2.4.  SMTP RCPT Greylisting

   RCPT greylisting refers to the [SMTP] command verb in an SMTP session
   that specifies intended recipients of an email transaction.  It
   includes at least one required parameter that indicates the email
   address of an intended recipient of the message being relayed from
   the client to the server.

   Greylisting implemented at this phase retains a record of tuples that
   combines the provided recipient address with any combination of the
   following:

   o  the source, as described above;

   o  the return email address;

   o  other recipients of the message

   If the selected tuple is not found in the database, or if the record
   is present but has not reached some configured minimum age, the
   greylisting MTA returns 4yz SMTP replies to all commands for the
   remainder of the SMTP session.

   Note that often a match on a tuple involving the first valid RCPT is
   sufficient to identify a retry correctly, and further checks can be
   omitted.







Kucherawy                Expires August 18, 2012                [Page 5]


Internet-Draft                 Greylisting                 February 2012


2.5.  SMTP DATA Greylisting

   DATA greylisting refers to the [SMTP] command verb in an SMTP session
   that transmits the actual message content, as opposed to its envelope
   details (see [MAIL]).

   This type of greylisting can be performed at two places in the SMTP
   sequence:

   1.  on receipt of the DATA command, because at that point the entire
       envelope has been received (i.e., all MAIL and RCPT commands have
       been issued);

   2.  on completion of the DATA command, i.e., after the "." that
       terminates transmission of the message body, since at that point
       a digest of the message could be computed.

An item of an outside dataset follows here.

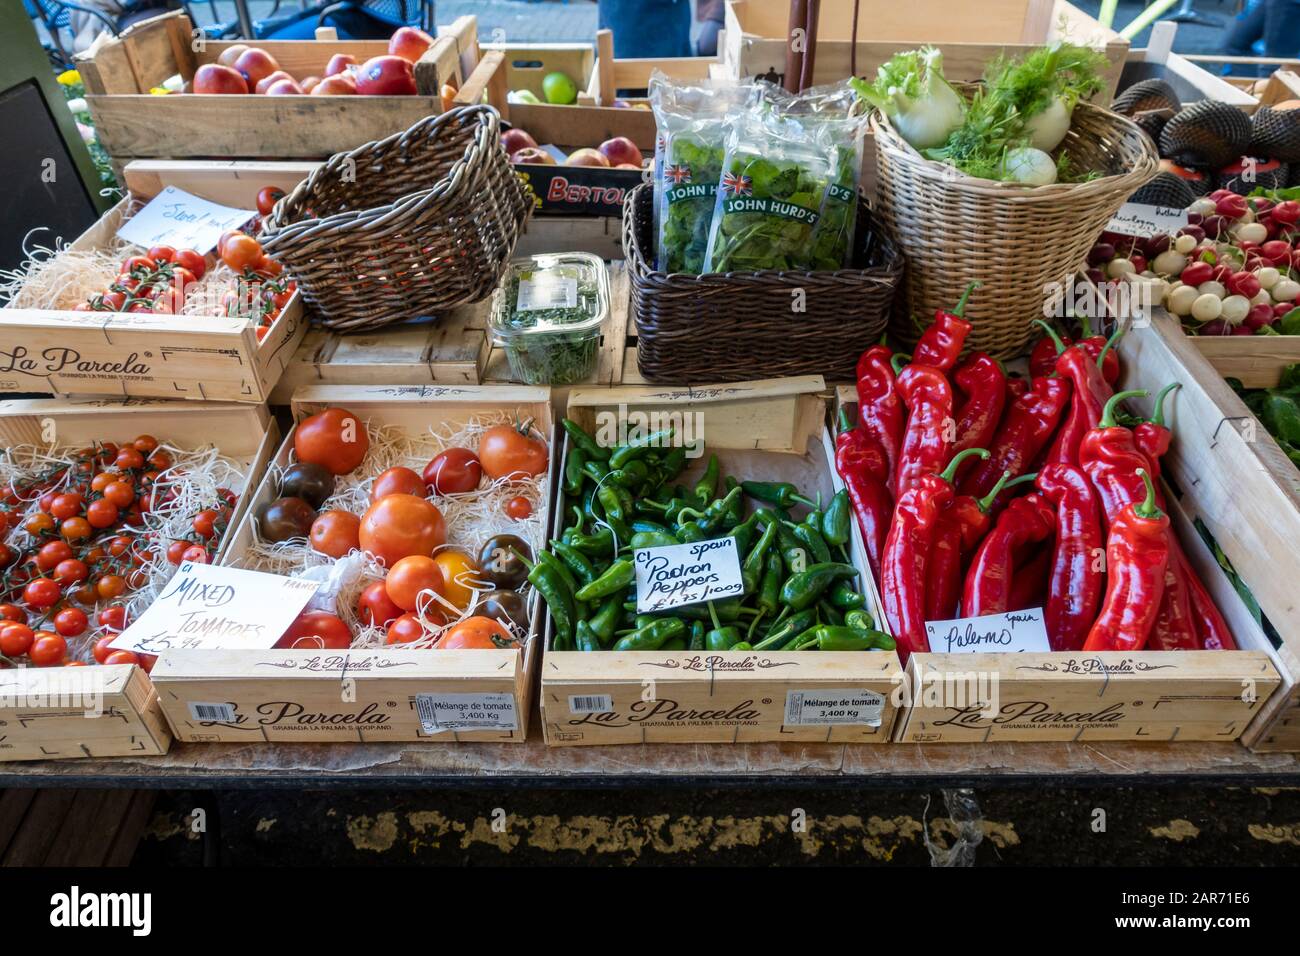 Close up of boxed vegetables for sale including Palermo Peppers, Padron Peppers and tomatoes at a grocer stall in Bristol, England, UK Stock Photo

   Some implementations do filtering here because there are clients that
   don't bother checking SMTP reply codes to commands other than DATA.

   Numerous greylisting policies are possible at this point.  All of
   them retain a record of tuples that combine the various parts of the
   SMTP transaction in some combination, including:

   o  the source, as described above;

   o  the return email address;

   o  the recipients of the message, as a set or individually;

   o  identifiers in the message, such as the contents of the
      RFC5322.From or RFC5322.To fields;

   o  other prominent parts of the content, such as the RFC5322.Subject
      field;

   o  a digest of some or all of the message content, as a test for
      uniqueness;

   (The last three items in that list are only possible at the end of
   DATA, not on receipt of the DATA command.)

   If the selected tuple is not found in the database, or if the record
   exists but has not reached some configured minimum age, the
   greylisting MTA returns 4yz SMTP replies to all commands for the
   remainder of the SMTP session.





Kucherawy                Expires August 18, 2012                [Page 6]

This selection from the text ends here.